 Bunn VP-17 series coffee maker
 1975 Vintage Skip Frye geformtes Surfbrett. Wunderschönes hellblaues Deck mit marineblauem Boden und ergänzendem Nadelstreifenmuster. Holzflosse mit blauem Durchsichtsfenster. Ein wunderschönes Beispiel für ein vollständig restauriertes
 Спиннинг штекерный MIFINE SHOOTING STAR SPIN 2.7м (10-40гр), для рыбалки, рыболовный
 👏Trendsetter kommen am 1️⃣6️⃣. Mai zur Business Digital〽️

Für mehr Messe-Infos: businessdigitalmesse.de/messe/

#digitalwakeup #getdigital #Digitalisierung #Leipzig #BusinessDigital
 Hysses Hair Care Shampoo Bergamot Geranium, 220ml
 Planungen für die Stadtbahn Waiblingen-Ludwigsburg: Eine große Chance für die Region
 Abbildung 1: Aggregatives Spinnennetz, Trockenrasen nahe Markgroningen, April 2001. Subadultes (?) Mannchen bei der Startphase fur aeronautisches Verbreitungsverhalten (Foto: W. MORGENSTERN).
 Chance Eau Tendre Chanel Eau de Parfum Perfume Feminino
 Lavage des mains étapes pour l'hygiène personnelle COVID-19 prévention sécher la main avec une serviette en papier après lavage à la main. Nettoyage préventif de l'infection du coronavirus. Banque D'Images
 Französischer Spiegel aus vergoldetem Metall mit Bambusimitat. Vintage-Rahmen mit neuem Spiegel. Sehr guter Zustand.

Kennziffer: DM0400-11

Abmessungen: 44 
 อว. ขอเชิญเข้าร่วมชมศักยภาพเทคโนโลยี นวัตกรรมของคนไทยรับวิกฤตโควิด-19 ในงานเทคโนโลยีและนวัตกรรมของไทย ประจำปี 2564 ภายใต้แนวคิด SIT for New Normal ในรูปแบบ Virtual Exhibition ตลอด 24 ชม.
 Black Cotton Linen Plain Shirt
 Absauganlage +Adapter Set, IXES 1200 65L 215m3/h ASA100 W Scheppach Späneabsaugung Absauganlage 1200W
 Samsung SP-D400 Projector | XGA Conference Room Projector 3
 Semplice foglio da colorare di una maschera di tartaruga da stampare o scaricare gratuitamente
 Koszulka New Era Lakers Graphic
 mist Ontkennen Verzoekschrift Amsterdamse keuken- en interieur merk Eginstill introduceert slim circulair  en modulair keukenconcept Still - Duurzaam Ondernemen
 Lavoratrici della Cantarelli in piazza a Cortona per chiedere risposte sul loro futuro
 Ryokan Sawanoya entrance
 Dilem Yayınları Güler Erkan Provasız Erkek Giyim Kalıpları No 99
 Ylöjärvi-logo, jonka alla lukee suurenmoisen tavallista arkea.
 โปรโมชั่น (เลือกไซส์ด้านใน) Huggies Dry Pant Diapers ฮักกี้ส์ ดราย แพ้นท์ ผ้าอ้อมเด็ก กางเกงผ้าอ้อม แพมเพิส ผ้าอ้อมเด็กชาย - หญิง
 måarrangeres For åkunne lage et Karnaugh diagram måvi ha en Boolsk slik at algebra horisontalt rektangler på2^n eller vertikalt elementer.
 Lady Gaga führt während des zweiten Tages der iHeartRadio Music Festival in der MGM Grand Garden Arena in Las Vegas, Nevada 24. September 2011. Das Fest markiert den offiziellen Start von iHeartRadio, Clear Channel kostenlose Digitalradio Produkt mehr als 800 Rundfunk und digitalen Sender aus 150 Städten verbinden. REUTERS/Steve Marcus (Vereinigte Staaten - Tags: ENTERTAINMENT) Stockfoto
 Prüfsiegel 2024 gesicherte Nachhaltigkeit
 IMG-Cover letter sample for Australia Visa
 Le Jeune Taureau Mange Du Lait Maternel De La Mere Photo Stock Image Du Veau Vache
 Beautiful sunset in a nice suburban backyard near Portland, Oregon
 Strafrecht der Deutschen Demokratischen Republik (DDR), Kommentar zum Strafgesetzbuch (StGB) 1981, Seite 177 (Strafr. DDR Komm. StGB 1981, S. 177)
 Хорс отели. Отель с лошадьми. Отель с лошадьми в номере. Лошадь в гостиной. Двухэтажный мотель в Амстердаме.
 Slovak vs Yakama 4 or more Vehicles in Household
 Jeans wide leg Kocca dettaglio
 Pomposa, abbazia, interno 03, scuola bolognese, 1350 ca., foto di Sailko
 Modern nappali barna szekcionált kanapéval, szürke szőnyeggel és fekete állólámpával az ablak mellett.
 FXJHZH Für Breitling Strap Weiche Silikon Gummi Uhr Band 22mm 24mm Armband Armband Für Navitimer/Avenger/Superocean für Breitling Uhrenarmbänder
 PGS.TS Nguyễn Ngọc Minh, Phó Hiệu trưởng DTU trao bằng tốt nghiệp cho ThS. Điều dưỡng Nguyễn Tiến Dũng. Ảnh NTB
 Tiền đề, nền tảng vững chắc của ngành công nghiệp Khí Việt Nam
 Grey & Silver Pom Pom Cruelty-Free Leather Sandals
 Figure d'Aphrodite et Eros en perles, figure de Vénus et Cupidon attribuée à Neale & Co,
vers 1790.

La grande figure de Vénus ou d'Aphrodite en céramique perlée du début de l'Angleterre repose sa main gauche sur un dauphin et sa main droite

WHAT YOU WILL DO:
Each record above should be reproduced in full, exactly as it stands.

RESULT:
 Bunn VP-17 series coffee maker
 1975 Vintage Skip Frye geformtes Surfbrett. Wunderschönes hellblaues Deck mit marineblauem Boden und ergänzendem Nadelstreifenmuster. Holzflosse mit blauem Durchsichtsfenster. Ein wunderschönes Beispiel für ein vollständig restauriertes
 Спиннинг штекерный MIFINE SHOOTING STAR SPIN 2.7м (10-40гр), для рыбалки, рыболовный
 👏Trendsetter kommen am 1️⃣6️⃣. Mai zur Business Digital〽️

Für mehr Messe-Infos: businessdigitalmesse.de/messe/

#digitalwakeup #getdigital #Digitalisierung #Leipzig #BusinessDigital
 Hysses Hair Care Shampoo Bergamot Geranium, 220ml
 Planungen für die Stadtbahn Waiblingen-Ludwigsburg: Eine große Chance für die Region
 Abbildung 1: Aggregatives Spinnennetz, Trockenrasen nahe Markgroningen, April 2001. Subadultes (?) Mannchen bei der Startphase fur aeronautisches Verbreitungsverhalten (Foto: W. MORGENSTERN).
 Chance Eau Tendre Chanel Eau de Parfum Perfume Feminino
 Lavage des mains étapes pour l'hygiène personnelle COVID-19 prévention sécher la main avec une serviette en papier après lavage à la main. Nettoyage préventif de l'infection du coronavirus. Banque D'Images
 Französischer Spiegel aus vergoldetem Metall mit Bambusimitat. Vintage-Rahmen mit neuem Spiegel. Sehr guter Zustand.

Kennziffer: DM0400-11

Abmessungen: 44 
 อว. ขอเชิญเข้าร่วมชมศักยภาพเทคโนโลยี นวัตกรรมของคนไทยรับวิกฤตโควิด-19 ในงานเทคโนโลยีและนวัตกรรมของไทย ประจำปี 2564 ภายใต้แนวคิด SIT for New Normal ในรูปแบบ Virtual Exhibition ตลอด 24 ชม.
 Black Cotton Linen Plain Shirt
 Absauganlage +Adapter Set, IXES 1200 65L 215m3/h ASA100 W Scheppach Späneabsaugung Absauganlage 1200W
 Samsung SP-D400 Projector | XGA Conference Room Projector 3
 Semplice foglio da colorare di una maschera di tartaruga da stampare o scaricare gratuitamente
 Koszulka New Era Lakers Graphic
 mist Ontkennen Verzoekschrift Amsterdamse keuken- en interieur merk Eginstill introduceert slim circulair  en modulair keukenconcept Still - Duurzaam Ondernemen
 Lavoratrici della Cantarelli in piazza a Cortona per chiedere risposte sul loro futuro
 Ryokan Sawanoya entrance
 Dilem Yayınları Güler Erkan Provasız Erkek Giyim Kalıpları No 99
 Ylöjärvi-logo, jonka alla lukee suurenmoisen tavallista arkea.
 โปรโมชั่น (เลือกไซส์ด้านใน) Huggies Dry Pant Diapers ฮักกี้ส์ ดราย แพ้นท์ ผ้าอ้อมเด็ก กางเกงผ้าอ้อม แพมเพิส ผ้าอ้อมเด็กชาย - หญิง
 måarrangeres For åkunne lage et Karnaugh diagram måvi ha en Boolsk slik at algebra horisontalt rektangler på2^n eller vertikalt elementer.
 Lady Gaga führt während des zweiten Tages der iHeartRadio Music Festival in der MGM Grand Garden Arena in Las Vegas, Nevada 24. September 2011. Das Fest markiert den offiziellen Start von iHeartRadio, Clear Channel kostenlose Digitalradio Produkt mehr als 800 Rundfunk und digitalen Sender aus 150 Städten verbinden. REUTERS/Steve Marcus (Vereinigte Staaten - Tags: ENTERTAINMENT) Stockfoto
 Prüfsiegel 2024 gesicherte Nachhaltigkeit
 IMG-Cover letter sample for Australia Visa
 Le Jeune Taureau Mange Du Lait Maternel De La Mere Photo Stock Image Du Veau Vache
 Beautiful sunset in a nice suburban backyard near Portland, Oregon
 Strafrecht der Deutschen Demokratischen Republik (DDR), Kommentar zum Strafgesetzbuch (StGB) 1981, Seite 177 (Strafr. DDR Komm. StGB 1981, S. 177)
 Хорс отели. Отель с лошадьми. Отель с лошадьми в номере. Лошадь в гостиной. Двухэтажный мотель в Амстердаме.
 Slovak vs Yakama 4 or more Vehicles in Household
 Jeans wide leg Kocca dettaglio
 Pomposa, abbazia, interno 03, scuola bolognese, 1350 ca., foto di Sailko
 Modern nappali barna szekcionált kanapéval, szürke szőnyeggel és fekete állólámpával az ablak mellett.
 FXJHZH Für Breitling Strap Weiche Silikon Gummi Uhr Band 22mm 24mm Armband Armband Für Navitimer/Avenger/Superocean für Breitling Uhrenarmbänder
 PGS.TS Nguyễn Ngọc Minh, Phó Hiệu trưởng DTU trao bằng tốt nghiệp cho ThS. Điều dưỡng Nguyễn Tiến Dũng. Ảnh NTB
 Tiền đề, nền tảng vững chắc của ngành công nghiệp Khí Việt Nam
 Grey & Silver Pom Pom Cruelty-Free Leather Sandals
 Figure d'Aphrodite et Eros en perles, figure de Vénus et Cupidon attribuée à Neale & Co,
vers 1790.

La grande figure de Vénus ou d'Aphrodite en céramique perlée du début de l'Angleterre repose sa main gauche sur un dauphin et sa main droite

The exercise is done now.